Kauffmann v Capric
2008 NY Slip Op 02112 [49 AD3d 606]
March 11, 2008
Appellate Division, Second Department
Published by New York State Law Reporting Bureau pursuant to Judiciary Law § 431.
As corrected through Wednesday, May 14, 2008


Timothy Kauffmann et al., Appellants,
v
Iso Capric et al., Respondents.

[*1] Wingate, Russotti & Shapiro, LLP, New York, N.Y. (Scott A. Stern of counsel), for appellants.

Marshall, Conway, Wright & Bradley, P.C., New York, N.Y. (Steven L. Sonkin of counsel), for respondents.

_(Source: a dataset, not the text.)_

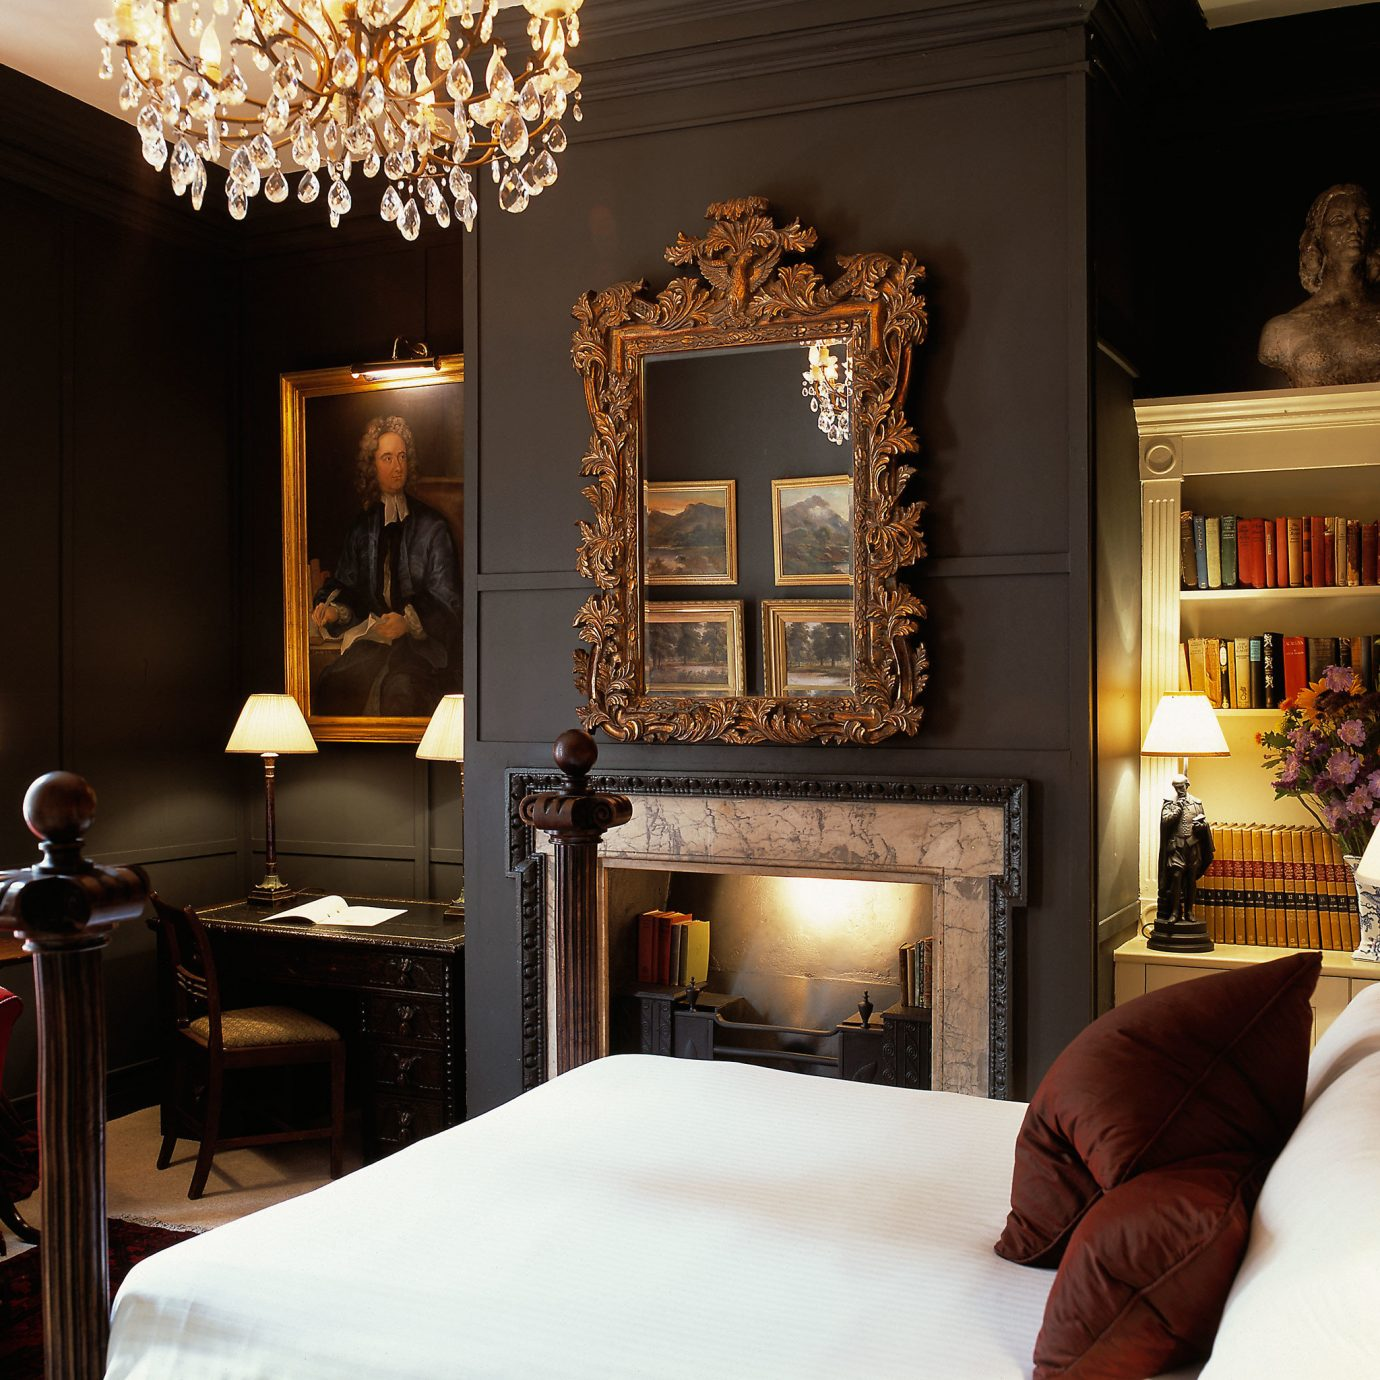 Bedroom Classic Elegant Historic Luxury Suite living room home scene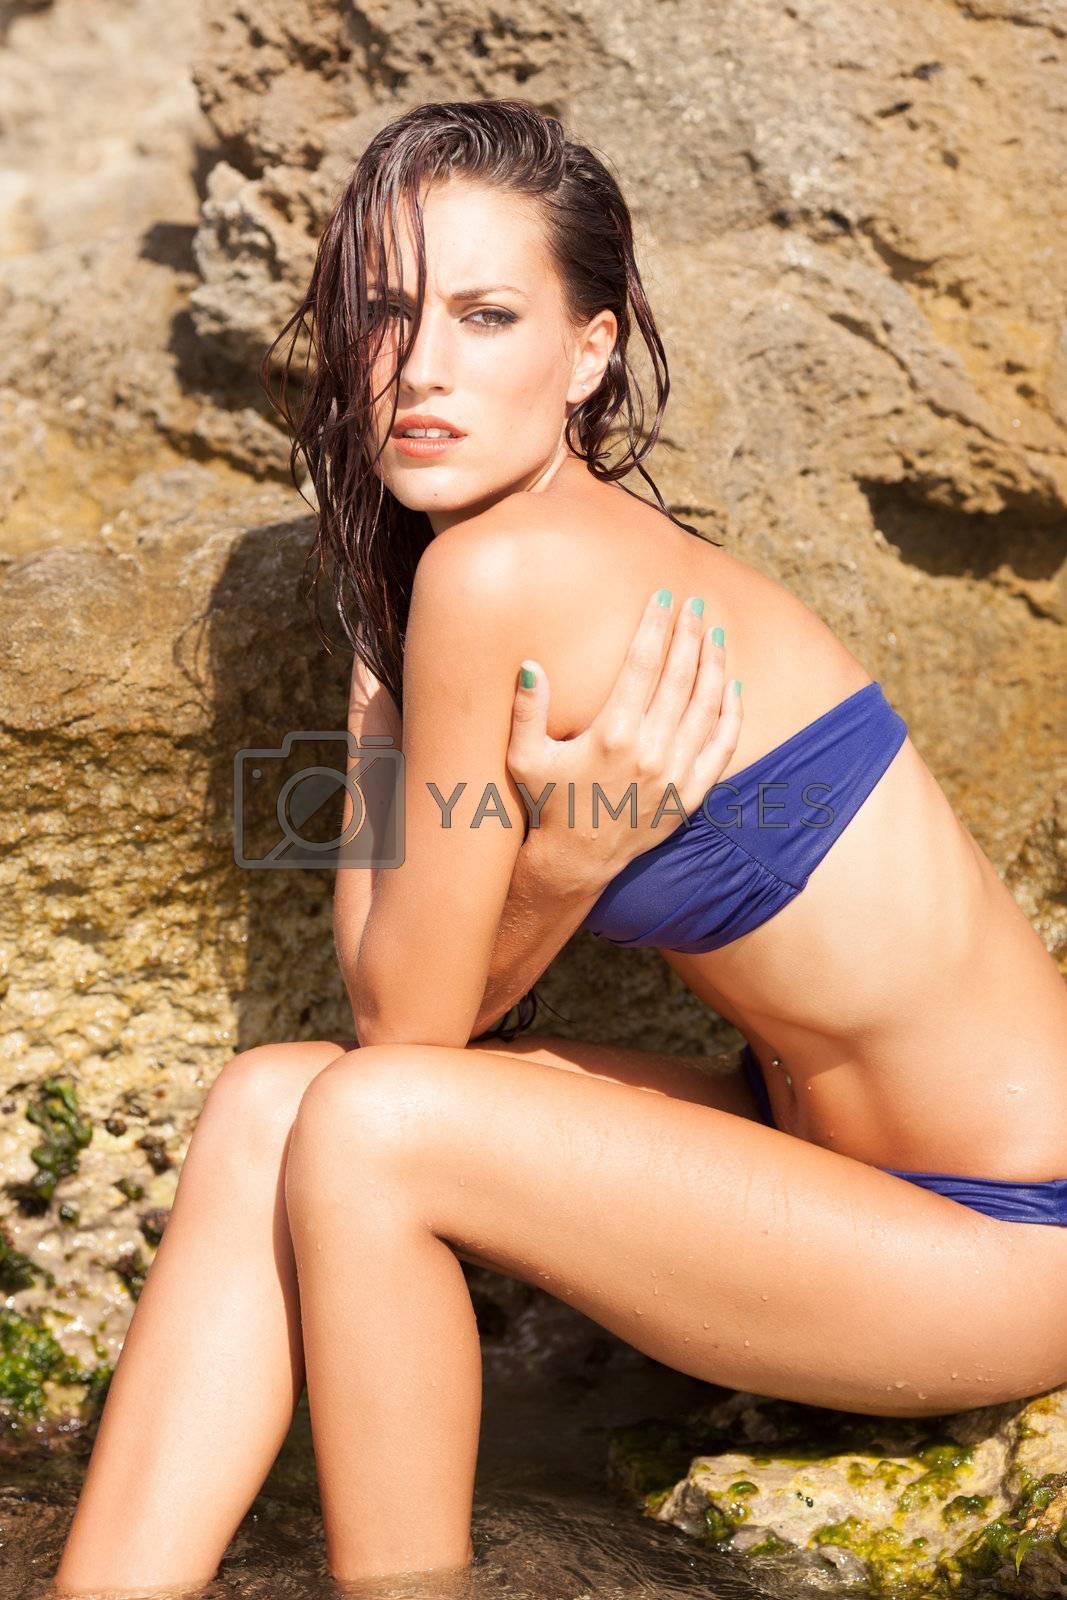 Portrait of sexy model enjoying a bath in the ocean with rocks

In an action to recover damages for personal injuries, etc., the plaintiffs appeal from an order of the Supreme Court, Richmond County (McMahon, J.), dated September 21, 2006, which granted the defendants' motion for summary judgment dismissing the complaint.

Ordered that the order is affirmed, with costs.

In response to the defendants' showing that they neither created nor had actual or constructive notice of the alleged hazardous condition complained of for a sufficient length of time to discover and remedy it, the plaintiffs failed to submit admissible evidence sufficient to show the existence of a triable issue of fact (see Gordon v American Museum of Natural History, 67 NY2d 836 [1986]; Arrufat v City of New York, 45 AD3d 710 [2007]; Seabury v County of Dutchess, 38 AD3d 752 [2007]; Britto v Great Atl. & Pac. Tea Co., Inc., 21 AD3d 436 [2005]). Accordingly, the Supreme Court properly granted the defendants' motion for summary judgment dismissing the complaint (see generally Alvarez v Prospect Hosp., 68 NY2d 320, 324 [1986]). Mastro, J.P., Florio, Miller and Dickerson, JJ., concur.